■ **TASK BRIEF**
Scan the lines below for the string "Banque" and copy every one that has it.

■ **STORED DATA**
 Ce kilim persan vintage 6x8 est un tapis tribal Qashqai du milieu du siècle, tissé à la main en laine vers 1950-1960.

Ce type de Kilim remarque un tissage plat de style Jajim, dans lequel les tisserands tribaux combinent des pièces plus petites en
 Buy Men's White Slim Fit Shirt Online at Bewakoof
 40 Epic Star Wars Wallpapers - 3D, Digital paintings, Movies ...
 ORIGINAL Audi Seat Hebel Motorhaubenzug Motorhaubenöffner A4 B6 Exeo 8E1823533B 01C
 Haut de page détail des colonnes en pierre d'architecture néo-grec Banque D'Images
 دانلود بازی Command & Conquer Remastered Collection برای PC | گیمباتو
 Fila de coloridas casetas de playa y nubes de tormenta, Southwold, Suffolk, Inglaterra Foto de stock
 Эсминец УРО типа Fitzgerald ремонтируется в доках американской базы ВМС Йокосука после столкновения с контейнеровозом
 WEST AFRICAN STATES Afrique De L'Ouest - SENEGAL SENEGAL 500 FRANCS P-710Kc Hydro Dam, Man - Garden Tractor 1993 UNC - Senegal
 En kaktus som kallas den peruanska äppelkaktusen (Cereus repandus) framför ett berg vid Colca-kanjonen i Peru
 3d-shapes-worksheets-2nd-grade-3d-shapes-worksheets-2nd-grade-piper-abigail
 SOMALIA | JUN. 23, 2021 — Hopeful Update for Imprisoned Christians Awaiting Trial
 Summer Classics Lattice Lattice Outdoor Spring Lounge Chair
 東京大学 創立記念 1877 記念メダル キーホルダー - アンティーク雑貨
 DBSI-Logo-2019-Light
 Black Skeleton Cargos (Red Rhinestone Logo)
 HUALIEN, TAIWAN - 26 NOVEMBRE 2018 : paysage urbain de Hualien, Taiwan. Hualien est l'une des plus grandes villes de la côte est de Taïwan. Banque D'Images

■ **ANSWER BOX**
 Haut de page détail des colonnes en pierre d'architecture néo-grec Banque D'Images
 HUALIEN, TAIWAN - 26 NOVEMBRE 2018 : paysage urbain de Hualien, Taiwan. Hualien est l'une des plus grandes villes de la côte est de Taïwan. Banque D'Images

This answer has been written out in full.